Oral Squamous-Cell Carcinoma Detection

September 8, 2015

Who is at risk? Everyone!
Oral Squamous Cell Carcinoma (OSCC) and Head and Neck Squamous Cell Carcinoma (HNSCC) have confounded the health-care profession for a long time. More than 90 percent of HNSCC are OSCC.

According to the Oral Cancer Foundation, approximately 44,000 Americans will be diagnosed with oral or pharyngeal cancer this year, and 8,000 deaths will occur due to this disease. That is equivalent to one person dying every hour for an entire year.
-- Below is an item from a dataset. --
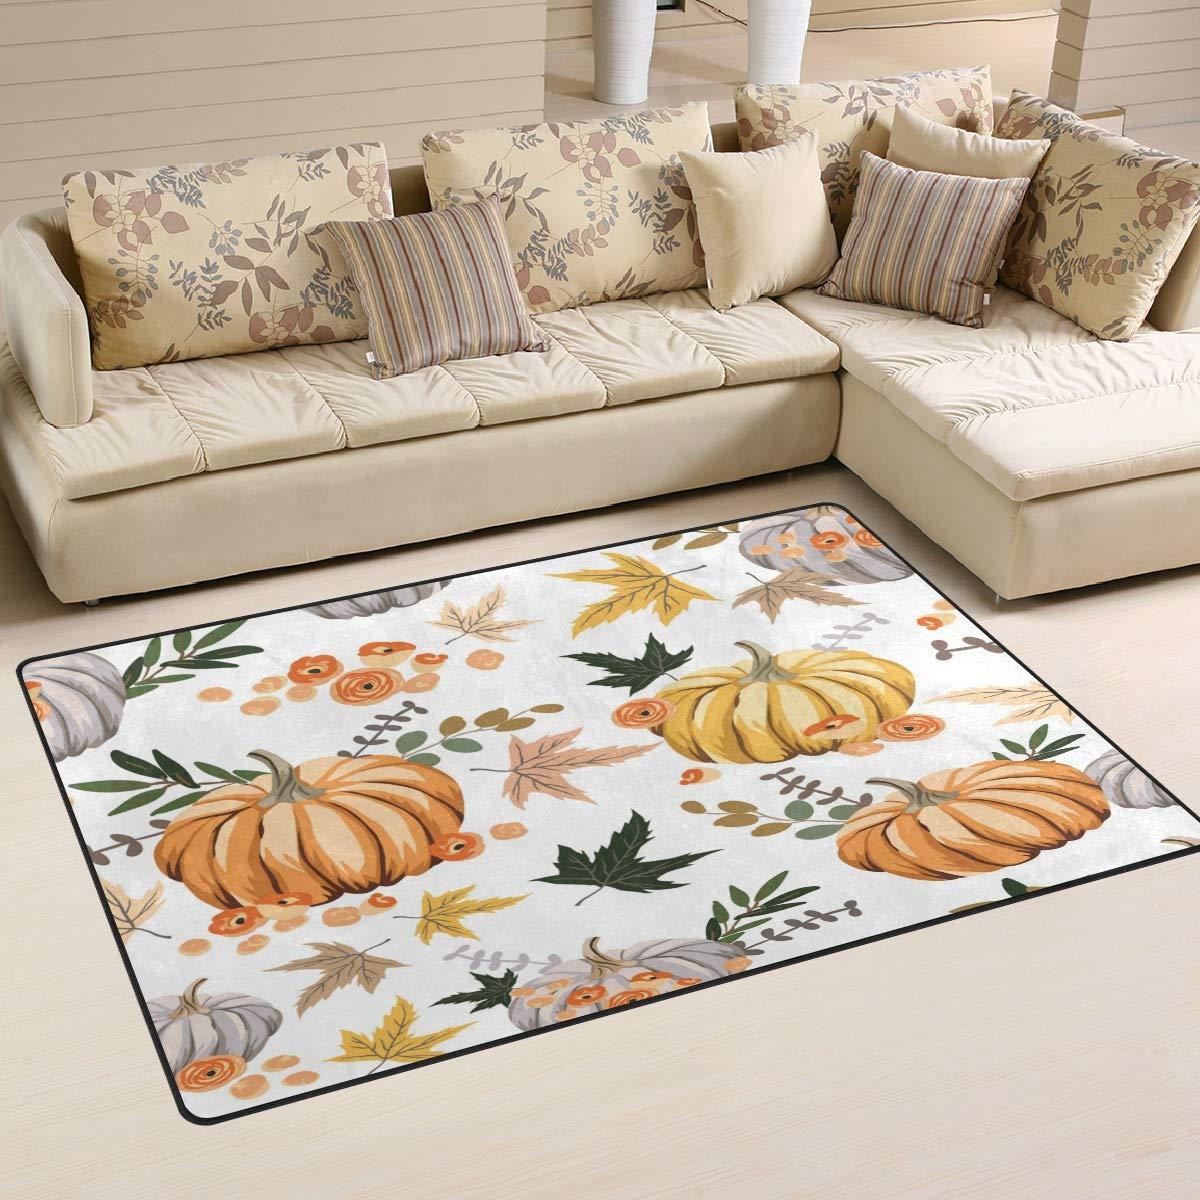 ALAZA Home Decor New mail Oklahoma City Mall order Autumn Orange Flowers Pumpkins Area Rug Leaves

The five-year survival rate of those newly diagnosed with oral cancer has not significantly improved over the last 50 years.

Additionally, the cost of treatment after diagnosis can be quite staggering. It has been estimated that approximately $3.2 billion is spent annually in the United States alone to treat these cancers.1

OSCC is an aggressive tumor with low response to chemotherapy and basic resistance to most standard-of-care anticancer drugs.2 The death rate for oral cancer is higher than that of cervical cancer, Hodgkin’s lymphoma, testicular cancer and skin cancer. In fact, oral cancer is three times more common than cervical cancer, with men twice as likely to be diagnosed. Additionally, oral cancer is the fourth leading cause of cancer in black men.

Who is at risk? Everyone! Twenty-five percent of oral- cancer patients are nonsmokers and nondrinkers.3 The other 75 percent have the classic risk factors, including smoking, using chewing tobacco, betel-quid chewing and alcohol consumption. Individually, these factors increase the risk of developing oral cancer, but when combined, the probability of disease development drastically increases.4 Studies also show that there is a 16 percent to 36 percent chance of oral-cancer reoccurrence, in addition to the probability of developing subsequent cancers elsewhere in the body.5-7

Although the oral cavity is easily accessible for examination and evaluation, several factors limit the successful identification and early treatment of premalignant lesions. First, the gold standard for screening and detection is visual and tactile palpation during an extra- and intraoral examination by the health-care professional during a routine dental or physical examination. This head-and-neck examination entails bimanual palpation of various external areas of 1. the head and neck, including the lower jaw, neck, glands and lymph nodes of this area, and 2. the oral cavity, including the tongue, cheeks, floor and roof of the mouth, lips, and back of the throat. Second, this disease is not easy to identify in its earliest stages and has often eluded medical and dental professionals. The reason? It can be “occult,” or hidden from plain view. Normal-looking tissue may often hide the truth within cells below the mucosa’s surface.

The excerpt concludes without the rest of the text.